Anyway, enough rambli- Yes, I’m getting on with it!
Jeesh!
Sorry
‘bout the essay there, anyway. On with the show!
Nightmares
Skyfire,
as a rule, tended to recharge with the lighting off. Not for any mysterious
reason, he’d simply got into the habit exploring other sentient, light-using
worlds similar in style to Earth. At least, that’s what he’d told anyone at the
Arc curious enough to ask - and there had been a few, as the Autobots didn’t
work to a diurnal body rhythm as their human friends did but simply recharged
between shifts any time of the day or night regardless of the illumination.

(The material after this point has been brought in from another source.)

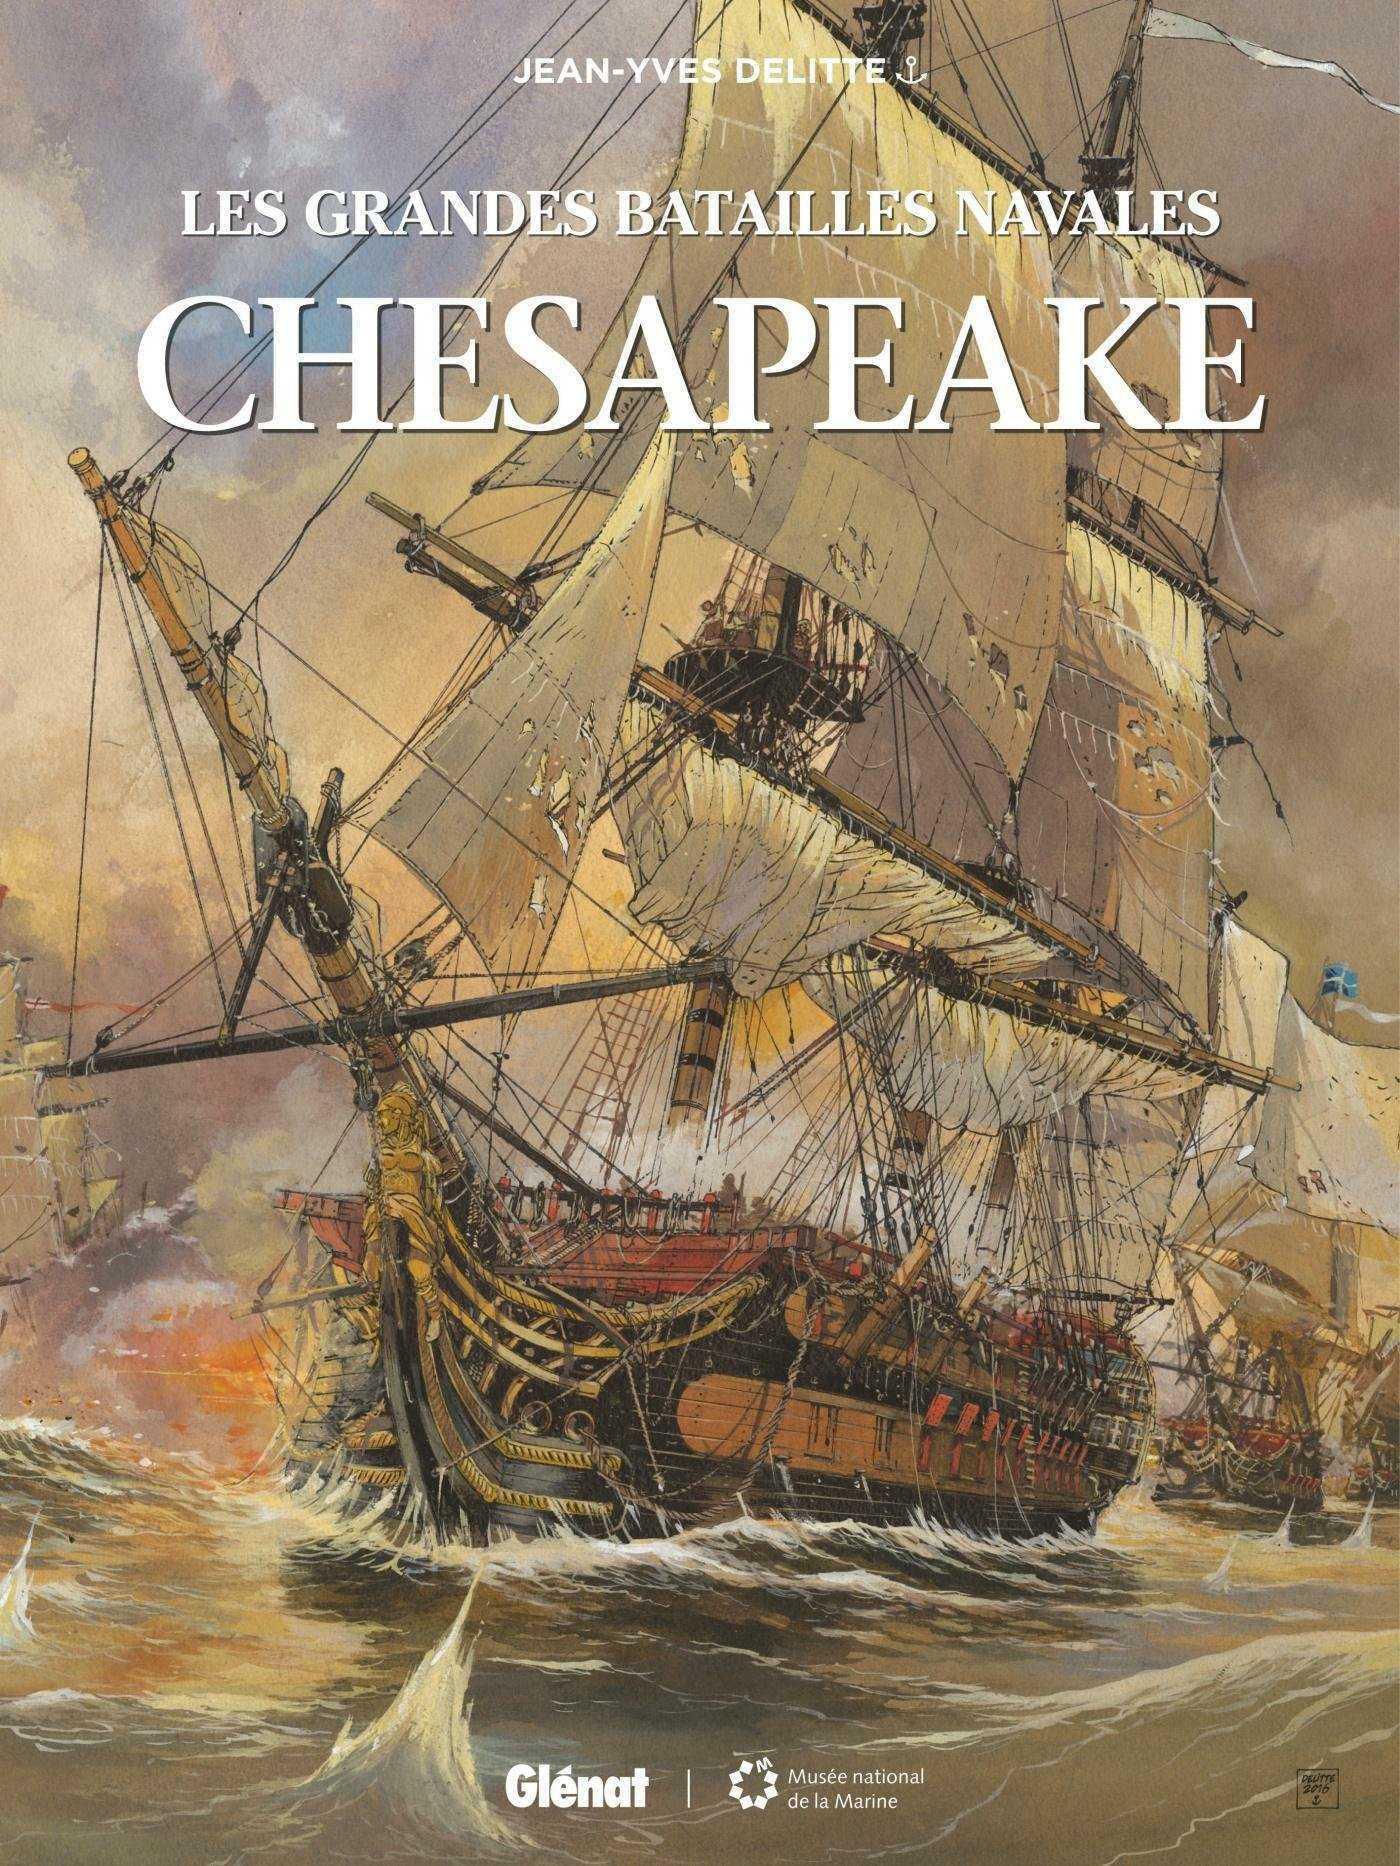 Les Grandes Batailles navales, Chesapeake, Trafalgar et Jutland avec Delitte

The more honest answer - and there was only one other
being he’d ever admitted this to, not that he’d totally lied to the others - was that he’d been visiting one
planet, not as advanced technology-wise as the majority of modern Earth but
sentient before humanity was a gleam in a primate’s eye, and had been struck by
a simple children’s story they had told.
The basic outline of the tale - a story told to quiet
fearful children in the dark of the night - had been that once there was a
youngling, a daughter of one of the many nomadic tribes that walked the planet,
who had followed her father into the empty, rolling plains encircling their
camp. Whenever Skyfire remembered the story he could never entirely separate it
from the voice of the tribe’s ‘Grandfa’, the elder who told the story to his sniffling
grandchild as she sat on his lap in the light of a campfire’s embers; the stars
burning softly overhead and Starscream leaning against him half in recharge as
he listened had intertwined with the memory so strongly Skyfire couldn’t recall
the story at all without being taken back...back....hearing again the low
crackling of the embers, the hiccupping breath of a young child, the gentle hum
and sigh of Starscream’s form in the
night and the deep, slow voice of the elder, telling the story as he rocked his granddaughter in his lap, arms
safe and warm around her.
“Once and once, dearest girlchile, our people walked
the world as we always have done and ever will do; and once and once, my dearest
girlchile, a daddy’s own dearest one woke in the deepest velvet night, when her
daddy was watching for wildlings in the hills of the deepest dark with their
starshine eyes, and she cried for her daddy. But he didn’t hear his own beloved
girlchile, my dearest - he was keeping her safe from the wildlings in the deepest
dark, where he had sworn her he would.
This girlchile had no mammy, my dearest one - she had
no-one to tell her where her daddy is, though he had told her he watched for
the wildlings with their burn-bright eyes to keep her safe in the deepest dark
night. She cried, and he could not hear, so she pulled up her blanket, so, and out she walked, past the safe-bright-warm
of the fire and out into the deep-dark-cold of the velvet night. She can’t see
her daddy, dearest girlchile, for she had looked out at the fire and saw only
the flame-stars in its heart, but her daddy can see her, and he comes to gather
her up in his strong-warm arms and says, ‘Dearest girlchile, why are you here
in the dark?’
“The girlchile can’t see her daddy, and cries - ‘I
want my daddy; it’s cold and deep-dark, and he said he would keep me safe from
the wildlings in the deepest velvet, but now I can’t find him.’ And her daddy
smiled, and he said to his dearest one...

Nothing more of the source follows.